**Aim of the exercise**
Using the data below, return word for word every line from the one holding "Deadmau5-disney-ears-lawsuit" down to the one holding "kitchen prep cart". Leave pictures out.

(Data records begins)

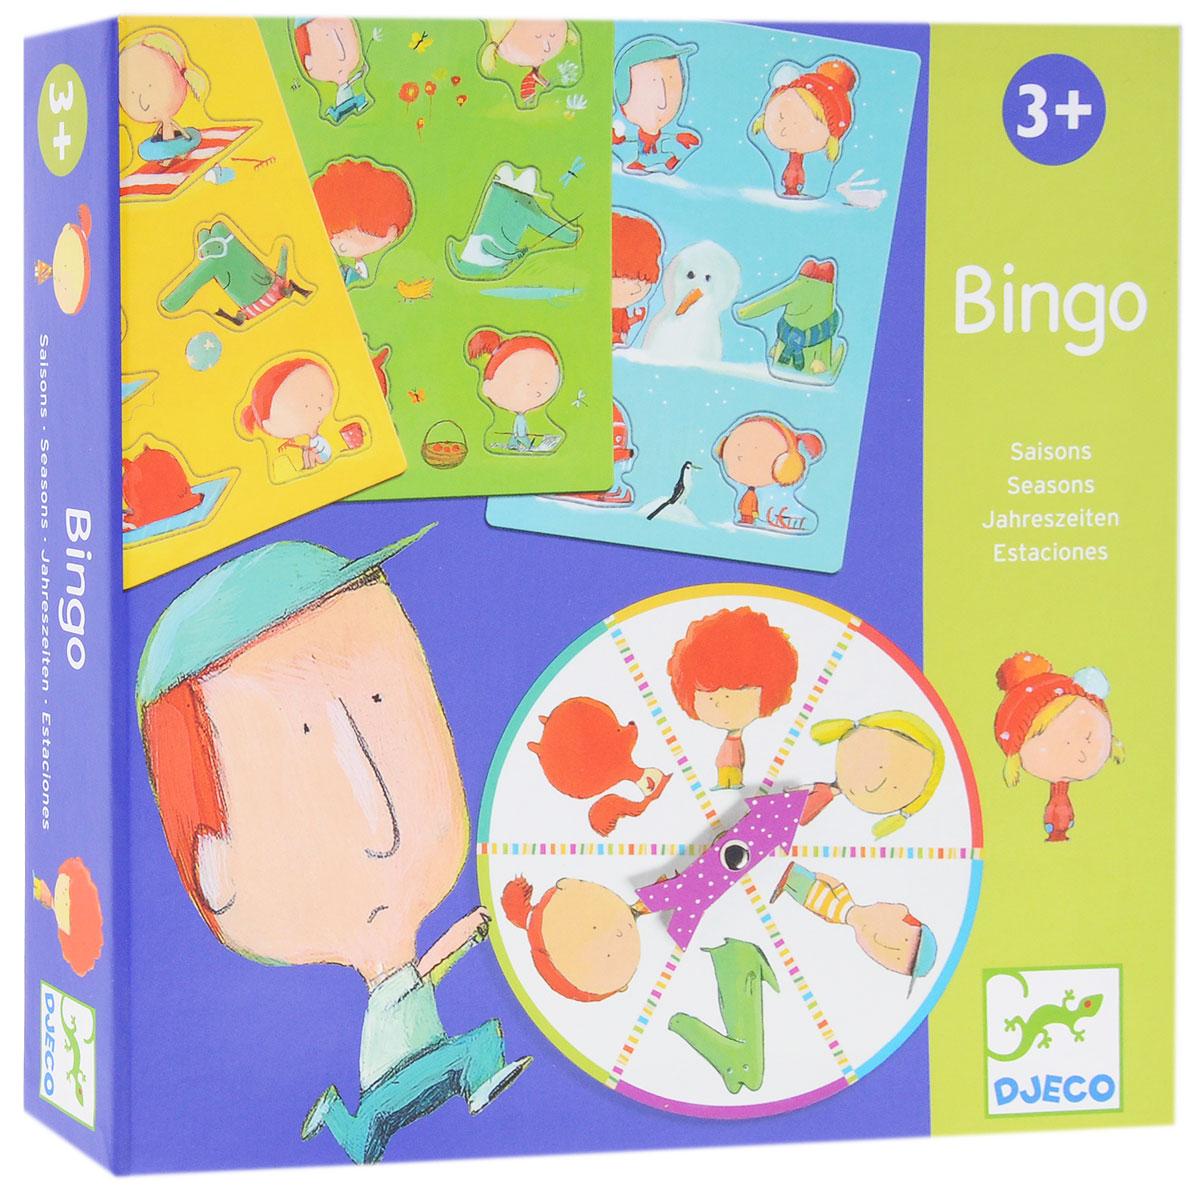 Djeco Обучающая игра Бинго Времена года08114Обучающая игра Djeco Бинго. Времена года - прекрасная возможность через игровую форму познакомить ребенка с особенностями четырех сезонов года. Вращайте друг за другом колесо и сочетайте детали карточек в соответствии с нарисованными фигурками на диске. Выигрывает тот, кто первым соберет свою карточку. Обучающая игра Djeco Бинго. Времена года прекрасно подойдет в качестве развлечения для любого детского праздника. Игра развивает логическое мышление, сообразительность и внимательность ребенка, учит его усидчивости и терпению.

(Data records ends)
(Data records begins)

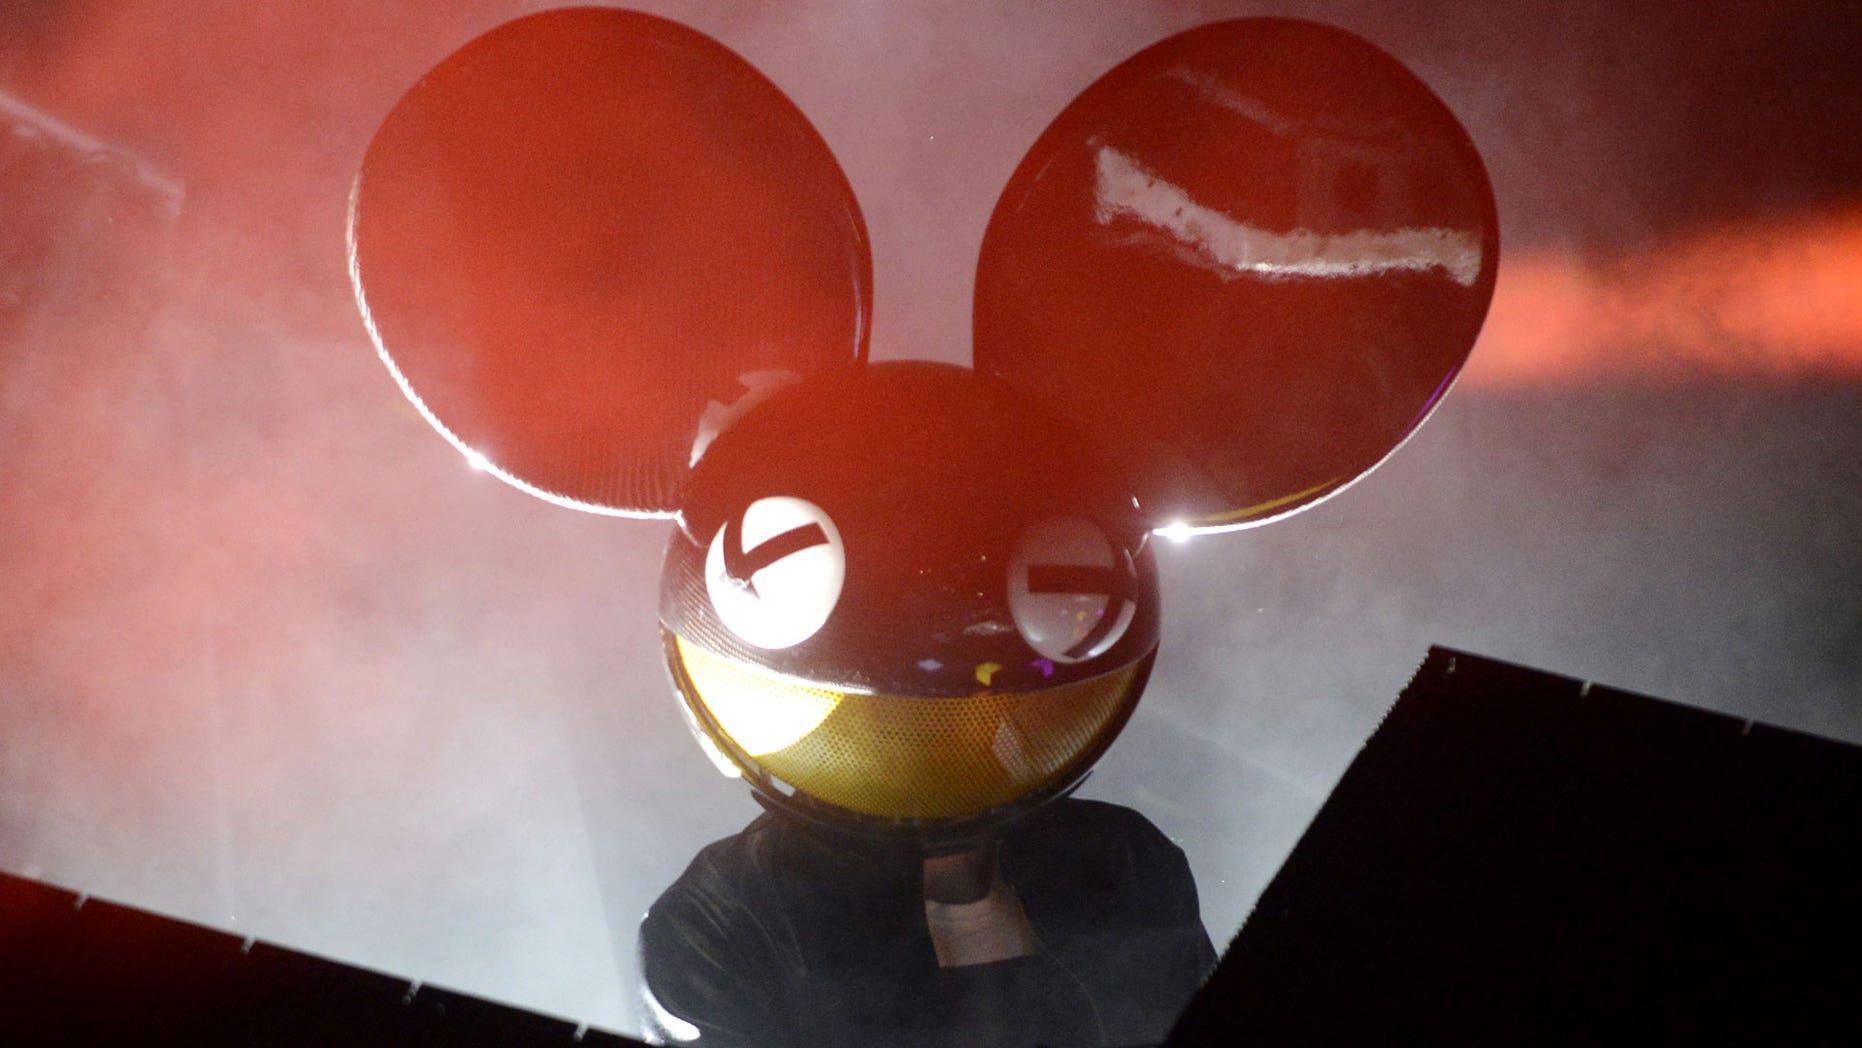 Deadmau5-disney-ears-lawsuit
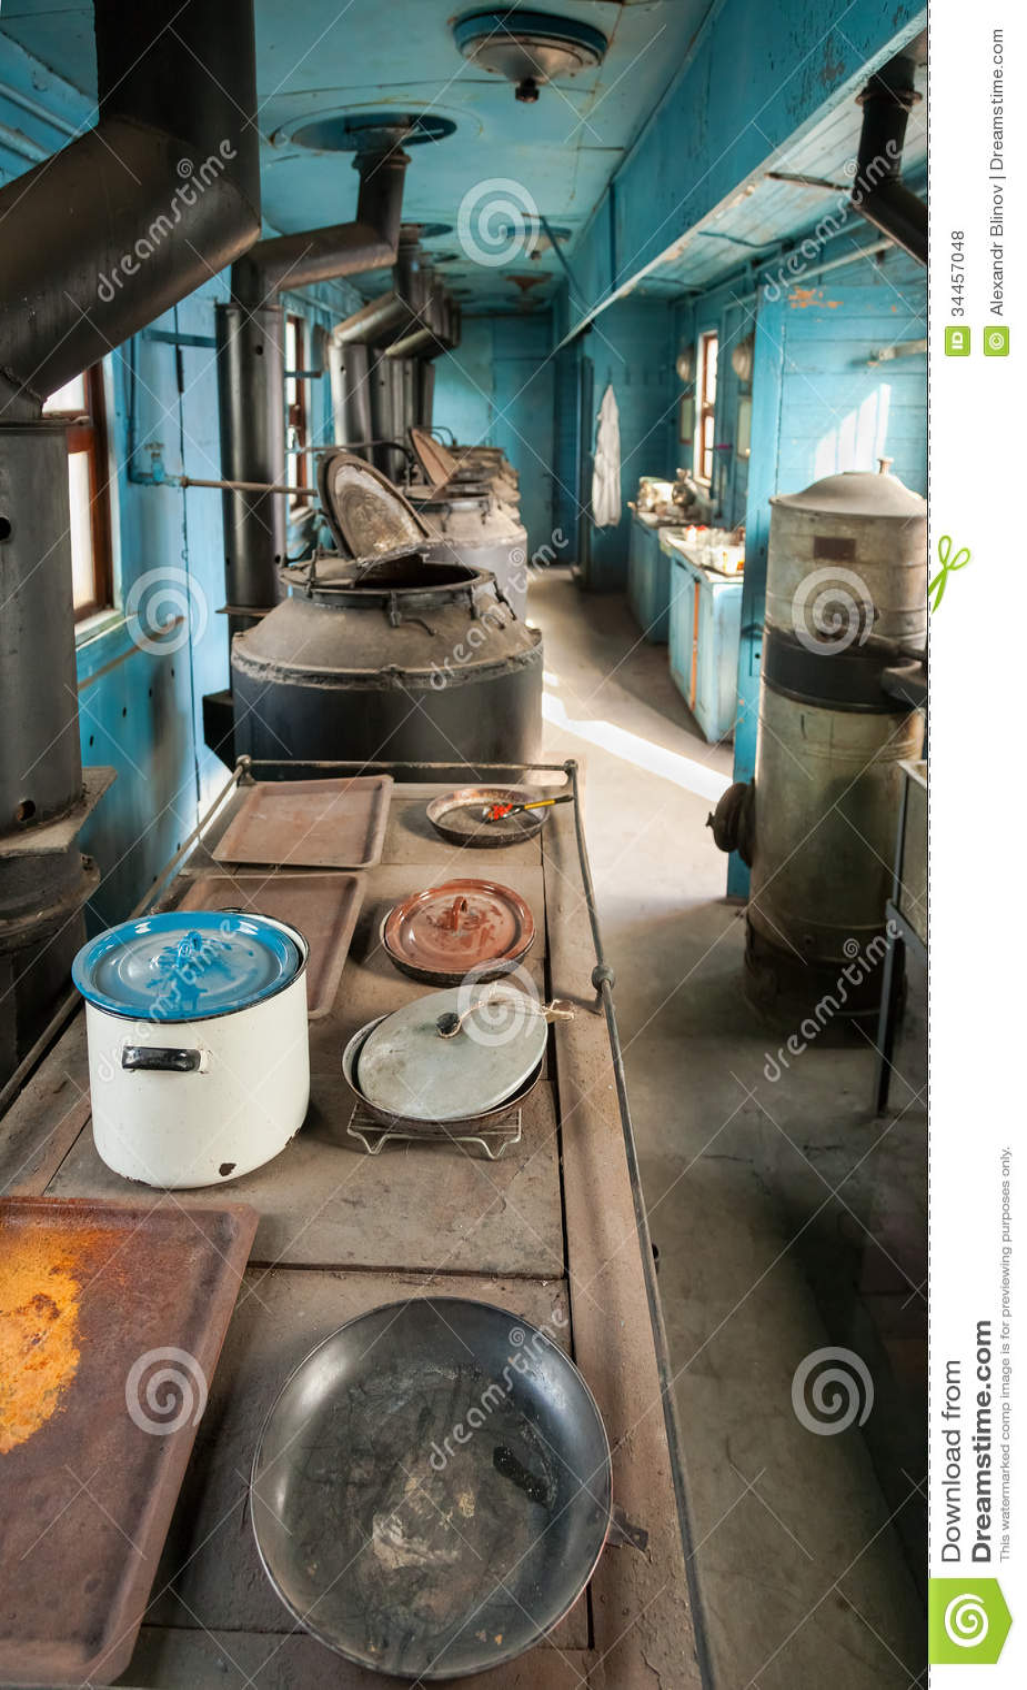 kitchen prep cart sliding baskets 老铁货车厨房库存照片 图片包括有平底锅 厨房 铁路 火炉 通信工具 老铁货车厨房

(Data records ends)
(Data records begins)

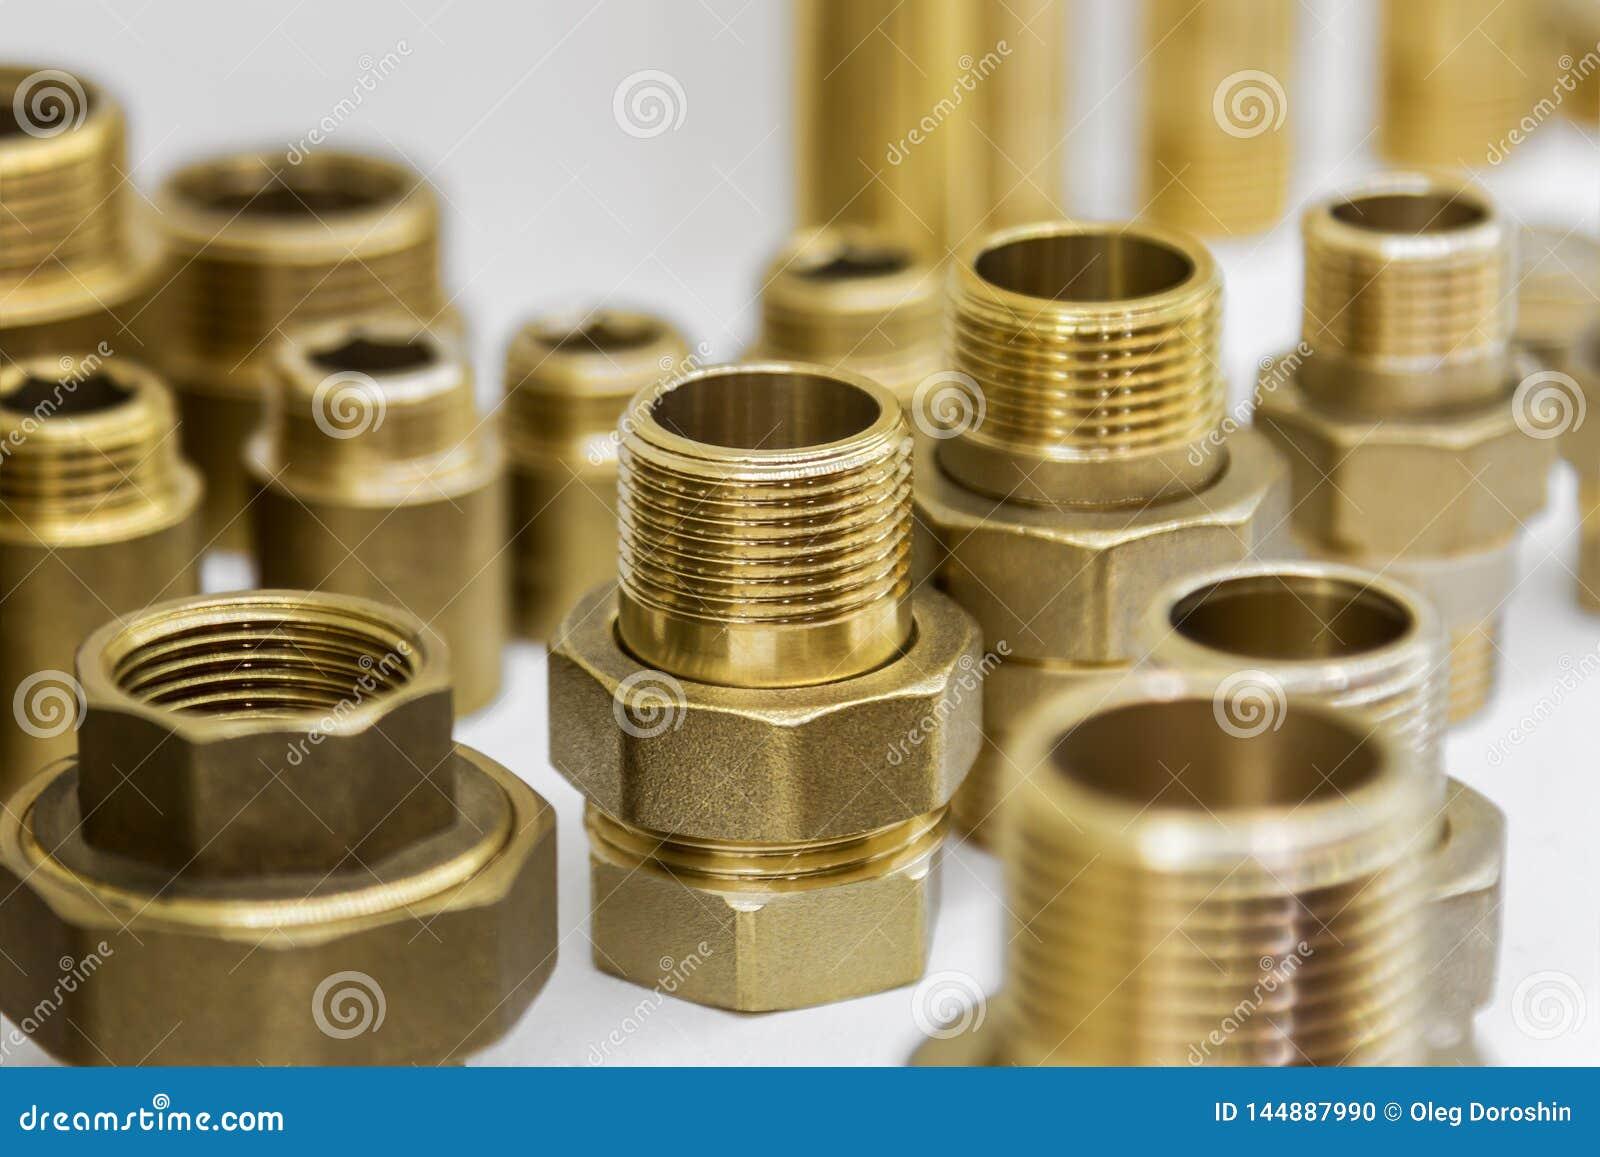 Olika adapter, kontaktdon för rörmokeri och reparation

(Data records ends)

**Answer below**
 Deadmau5-disney-ears-lawsuit
 kitchen prep cart sliding baskets 老铁货车厨房库存照片 图片包括有平底锅 厨房 铁路 火炉 通信工具 老铁货车厨房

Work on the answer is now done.